The hybridization of human and artificial intelligence (AI) emerged as a new form of human-machine collaboration to enhance each other and bring out the greatest potential of both [38]. AI can provide support for human decision-making, or humans can assist the machine learning process to support AI tasks. In our study, combining machine intelligence with human expertise is an appropriate way to maximize the potential of advanced technologies, and with the help of the machine, human readers can perform better diagnoses. The AUC value of the human-machine hybrid systems increased by 14% for reader 1, 23% for reader 2, and 40% for reader 3. The human-machine hybrid system showed improvements in differentiating TETs from lymphomas on CECT, especially for junior radiologists whose experiences were insufficient. The human-machine hybrid system in this study proved this point that a precise diagnosis could be made in the external test data, and the performance was better than radiologists alone. As mentioned above, it can be explained that human diagnoses are influenced by their experience and subjective bias, which can be eliminated by the model to some extent. Moreover, this system could improve the diagnostic skills of junior radiologists by helping them to think and provide real-time feedback. There are limited studies on human-machine hybrid systems [39, 40] and our study made a preliminary attempt. By far as we have acknowledged, this is the first study in combining machine-derived features with human readings for optimizing differential diagnoses of TETs from lymphomas.

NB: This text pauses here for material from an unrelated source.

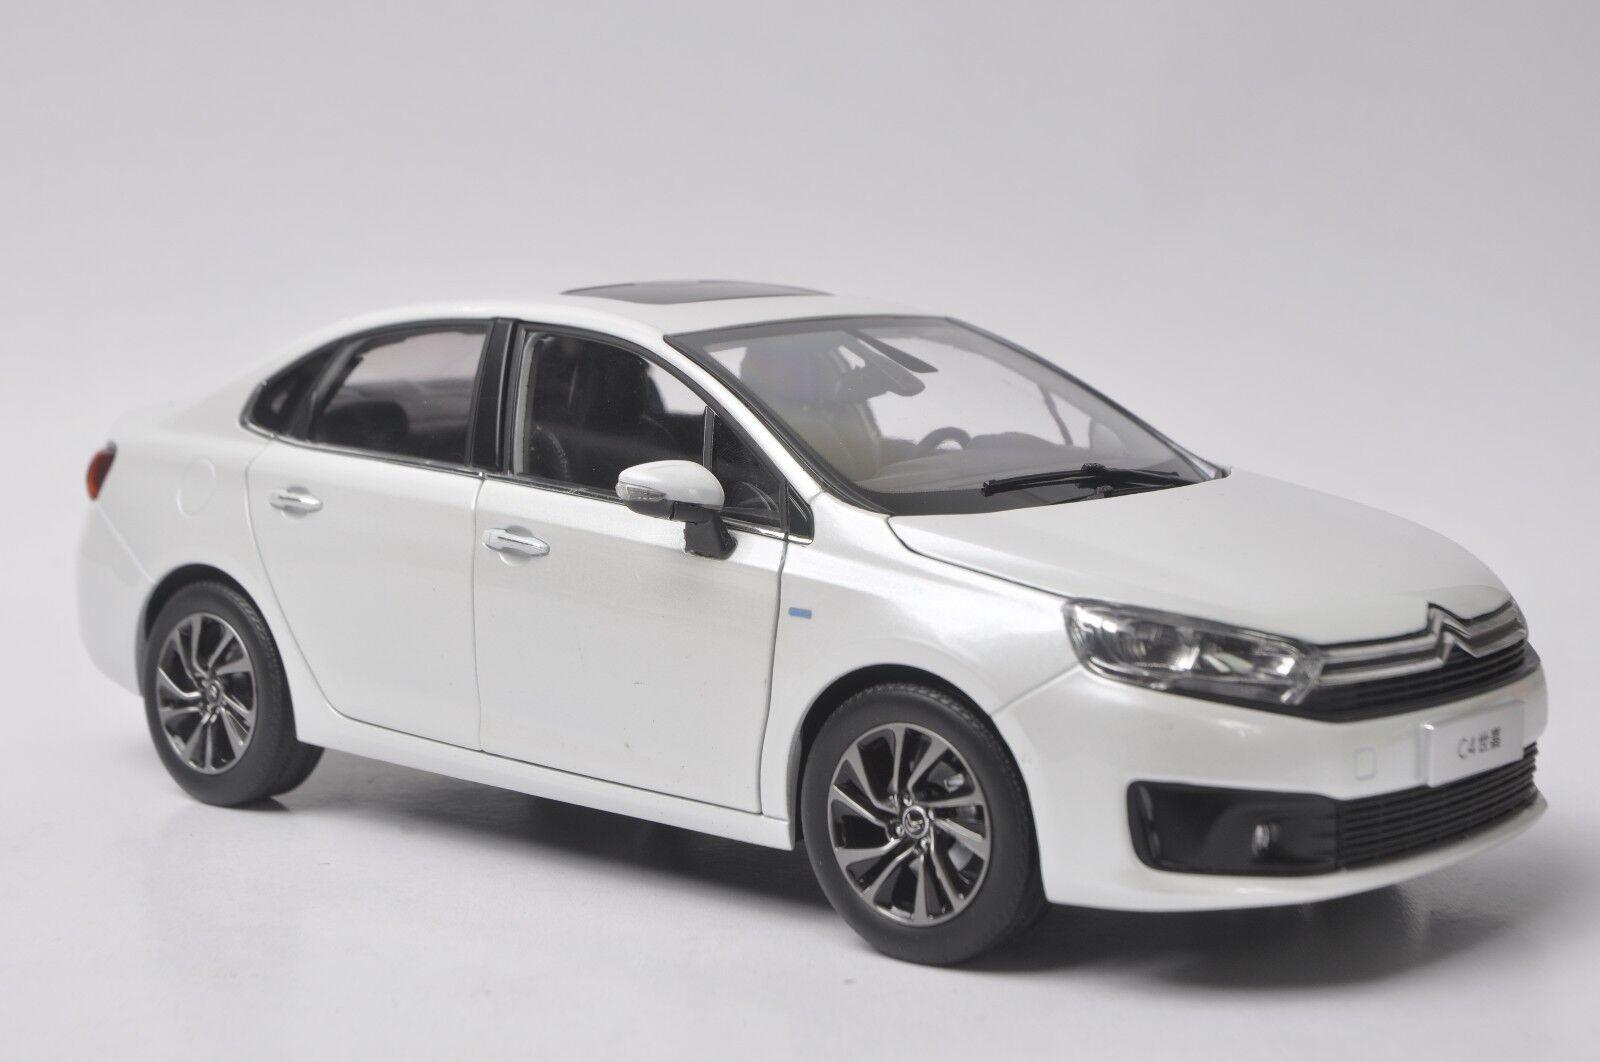 Citroen c4 2016 auto - modell im maßstab 1,18 Weiß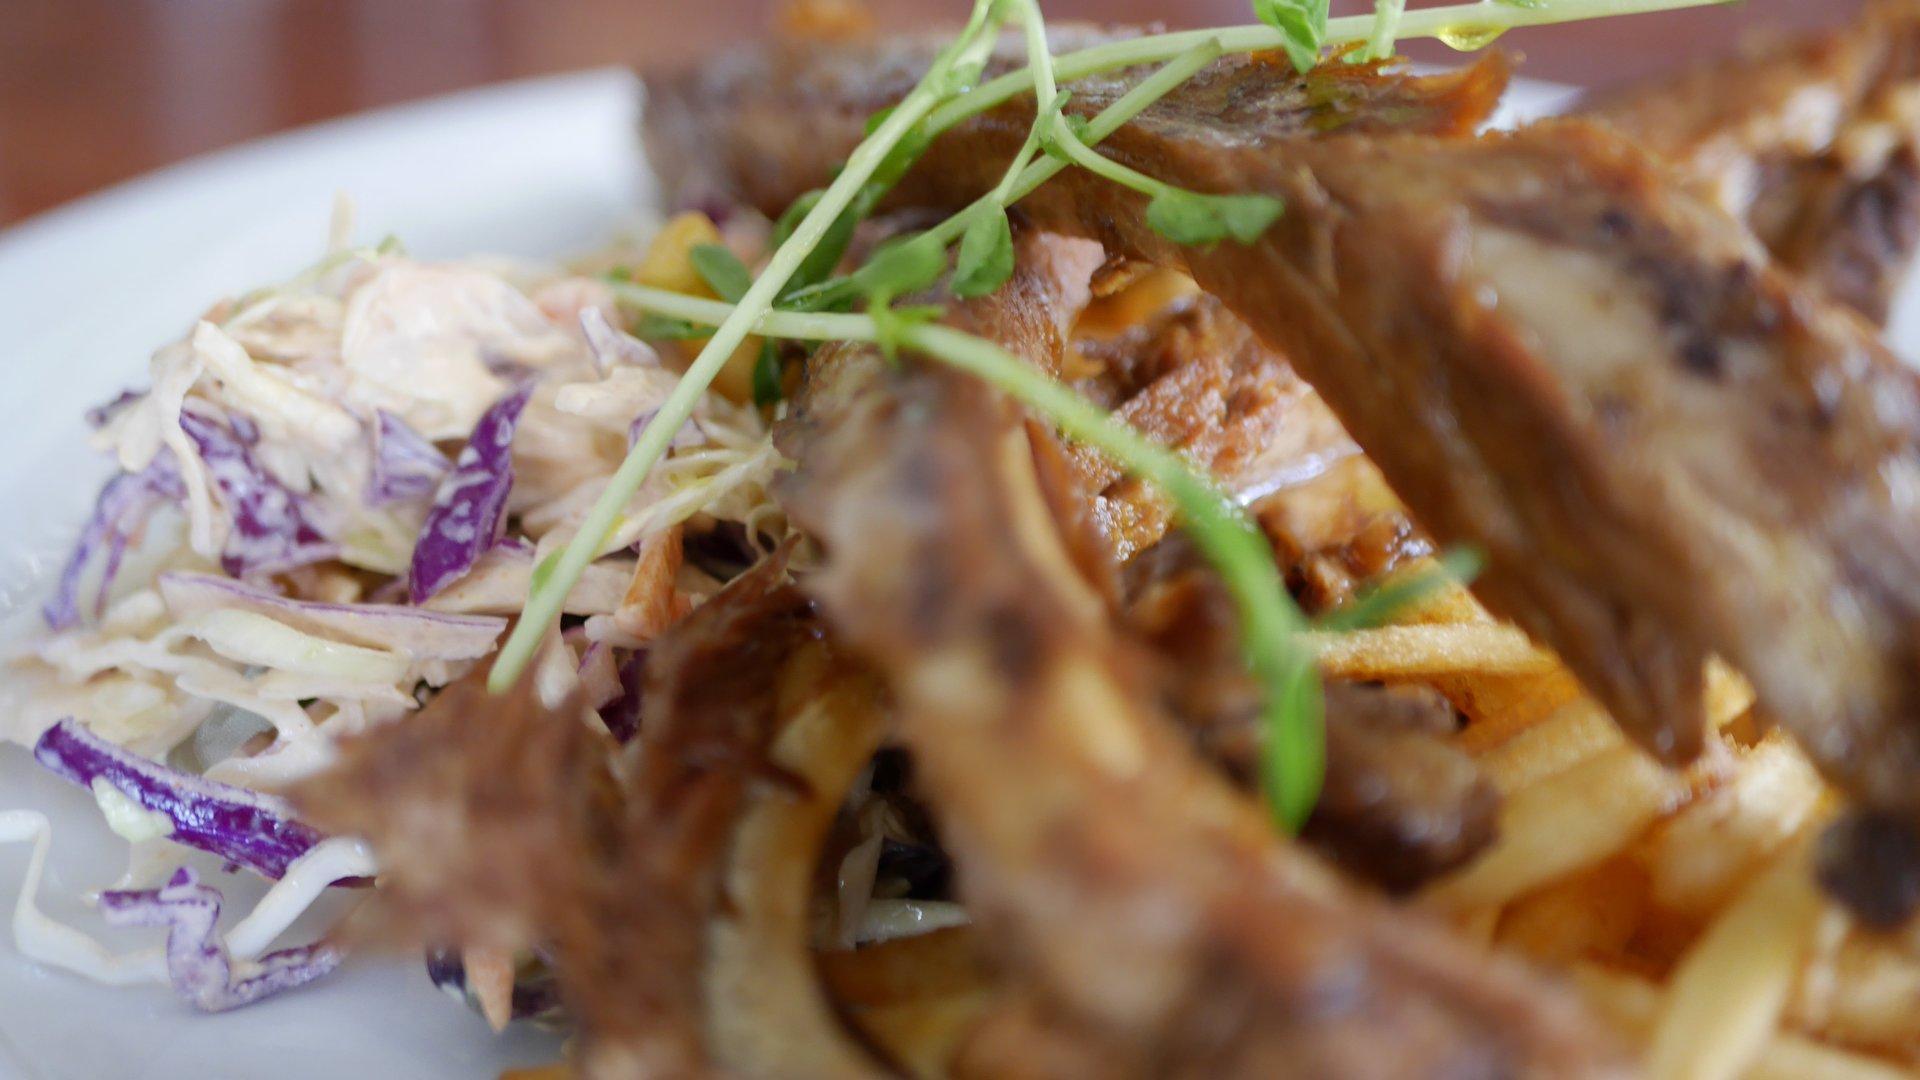 Japanese Yakitori - Marinated Pork Ribs with Slaw and Fries.

There were some limitations in our study. Firstly, the study design was retrospective, the nature of this study might introduce selection bias. Secondly, this study had a relatively small sample size, which might influence the robustness and generalizability of the findings. Thirdly, although this study included two institutions, it was conducted in a single geographical area which might limit the applicability of the findings to broader populations. Moreover, the evaluation of some important features such as lymphadenopathy was not considered, although it could be reflected by the diagnoses of radiologists to some extent. Future exploration with a larger sample size and more radiologists involved from multiple centers is needed.

Conclusion

In conclusion, the study demonstrated that our clinico-radiomics model which integrated clinical factors with radiomics features of enhanced CT images, could better differentiate lymphomas from TETs than radiologists. The proposed human-machine hybrid system based on radiologist plus machine intelligence was effective in aiding young radiology residents in achieving improved reading accuracy. It provides a real-time decision tool to reduce bias and mistakes in radiologist diagnosis and enhances the diagnostic confidence of junior radiologists. This attempt may lead to more human-machine hybrid systems being explored in the diagnosis of different diseases and the generalizability and translational research of the human-machine hybrid system will also be further investigated in the clinical assessments with a larger subject pool.